*** Block opens ***
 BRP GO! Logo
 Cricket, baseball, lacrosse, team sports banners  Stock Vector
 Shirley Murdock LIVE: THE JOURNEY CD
*** Block closes ***
» **ASSIGNED TASK**
Retype the whole listing above, line for line and exactly.

» **RESULT OF THIS TASK**
 BRP GO! Logo
 Cricket, baseball, lacrosse, team sports banners  Stock Vector
 Shirley Murdock LIVE: THE JOURNEY CD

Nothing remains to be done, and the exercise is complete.